# How old before offering salt/mineral block?



## [email protected] (Apr 1, 2011)

Our little filly is only 5 days old and she is licking on the mineral block that we have in the stall for the momma. I was wondering if that is too young? She is also beginning to nibble at the hay.


----------



## HGFarm (Apr 1, 2011)

This is normal... and we leave salt available 24/7 all year round. We serve plain & mineral, lol. I find that the Minis consume a lot more salt than the big horses ever did- guess their systems require more. Congrats on your new baby!


----------



## [email protected] (Apr 1, 2011)

HGFarm said:


> This is normal... and we leave salt available 24/7 all year round. We serve plain & mineral, lol. I find that the Minis consume a lot more salt than the big horses ever did- guess their systems require more. Congrats on your new baby!



Thanks for your reply




. I have noticed that my minis do consume more of their salt blocks than my full size horses


----------



## chandab (Apr 1, 2011)

Most of my minis hardly touch their salt blocks or loose salt.

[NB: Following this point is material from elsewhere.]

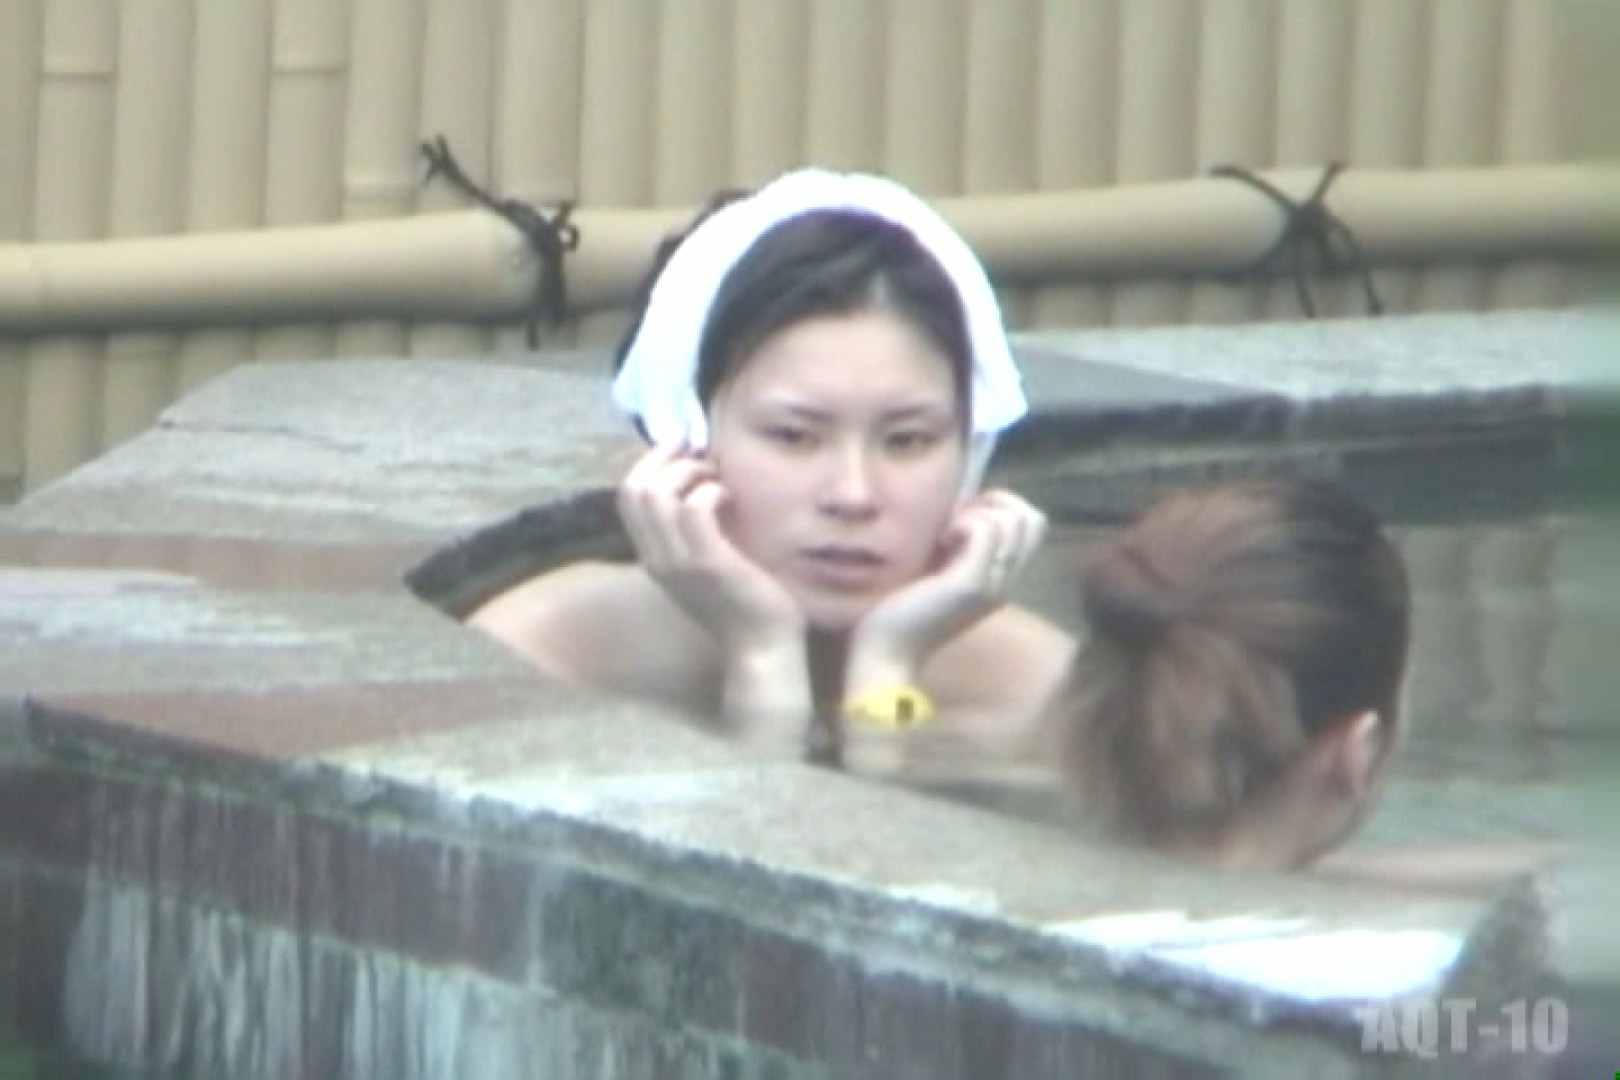 Aquaな露天風呂Vol.792 露天風呂  33連発 15

Do watch your foal, sometimes they get carried away licking the block and get diarrhea from it.


----------



## HGFarm (Apr 1, 2011)

Interesting, we have never limited or denied salt and never had a problem. The only diarhea we have gotten is from when the mares come in season after the foal is born.


----------



## Mona (Apr 2, 2011)

When I raised minis, I too (like Laurie) ALWAYS has a TM Salt Block in each pasture, and not once did I ever have a problem with it being there and foals having too much.


----------



## Nathan Luszcz (Apr 2, 2011)

I don't think I'd go out of my way to give them one until weaning, but if they find mom's, no big deal


----------



## TPs flat rock acres (Apr 2, 2011)

what about grain.?? I give the extra sorce of food by offering mom grain to make sure she has good milk and I caught the baby in eating some of it. not sure if it woudl be too rich for her.


----------



## Charlotte (Apr 2, 2011)

Our foals have available to them whatever their mom has from day one. Pasture grass, salt blocks, concentrate feed, hay, water. Usually by two or three days old they are tasting everything.

What if something terrible happened and mom died but baby had never learned to eat anything but her milk?

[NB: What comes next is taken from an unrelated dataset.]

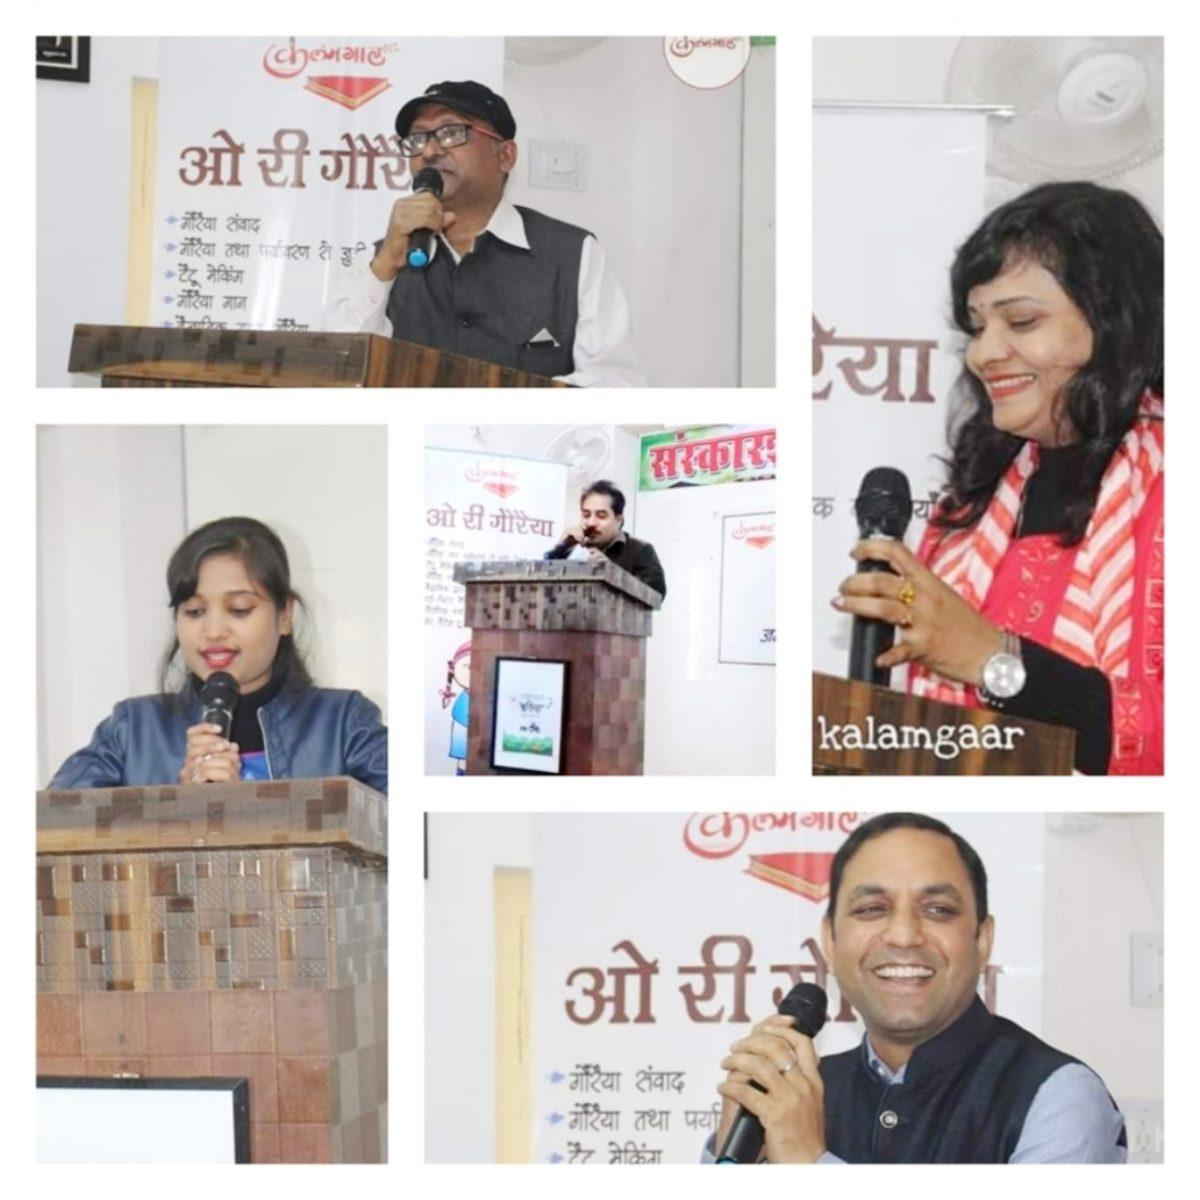 कलमगार ने आयोजित किया काव्य-सरिता

We've never had any kind of problem with this plan, since those babies put EVERYTHING in their mouths anyway....including my shoe laces.





Charlotte


----------



## drmatthewtaylor (Apr 2, 2011)

chandab said:


> Most of my minis hardly touch their salt blocks or loose salt.
> 
> Do watch your foal, sometimes they get carried away licking the block and get diarrhea from it.


I want to be sure people understand that the terms salt block, mineral block, and trace mineral salt block are not synonyms.

Mineral blocks are molasses blocks with mineral and over eating of these can produce loose bowels just like giving caro syrup to a human baby will.

It is a myth that animals will eat what they need, when studies have been done laying out all nutrients in front of an animal to allow them to create their own diet the most eaten nutrients are the most palatable ones.

Dr Taylor


----------



## Minimor (Apr 2, 2011)

Well, I can say that when our horses had a mineral deficiency--they were not eating the salt and mineral blocks provided--and turned to eating dirt, when I switched to a made for horses mineral block (which does contain a small amount of molasses) they really devoured those blocks. I had to wonder if they really needed/wanted that mineral, or if it was the molasses they were going for. I bought a bag of kelp & gave that to them--and once they were on the kelp they cut way back on the mineral blocks. I was actually surprised at what a difference that kelp made to their mineral block consumption. When the first bag of kelp ran out they turned again to the mineral blocks. I bought another bag of kelp--they left the mineral blocks. When that 2nd bag of kelp ran out they did use the mineral blocks again, but not to excess--consumption was then what is considered 'normal' according to the label. Their mineral levels had finally gotten to where they were supposed to be, and they did seem to know that they no longer needed to consume so much mineral.

Now....I did early on buy one tub of the molasses mineral lick--that stuff is very strong molasses, not so strong in minerals, so with that yes, the horses are going for the molasses! My girls would get into that mineral tub and forget to quit--pull their heads out and they were covered in sticky, sticky goo from muzzle to ears! I considered that tub a treat, not a good source of minerals, and won't buy another one.


----------



## supaspot (Apr 2, 2011)

I have always given them free access to salt/mineral lick and the vitamin/mineral/molasses bucket , when the had very little grass they went for the molasses bucket the most since I moved house last year and they get alot more grass they dont touch the molasses at all but still use the salt/mineral lick


----------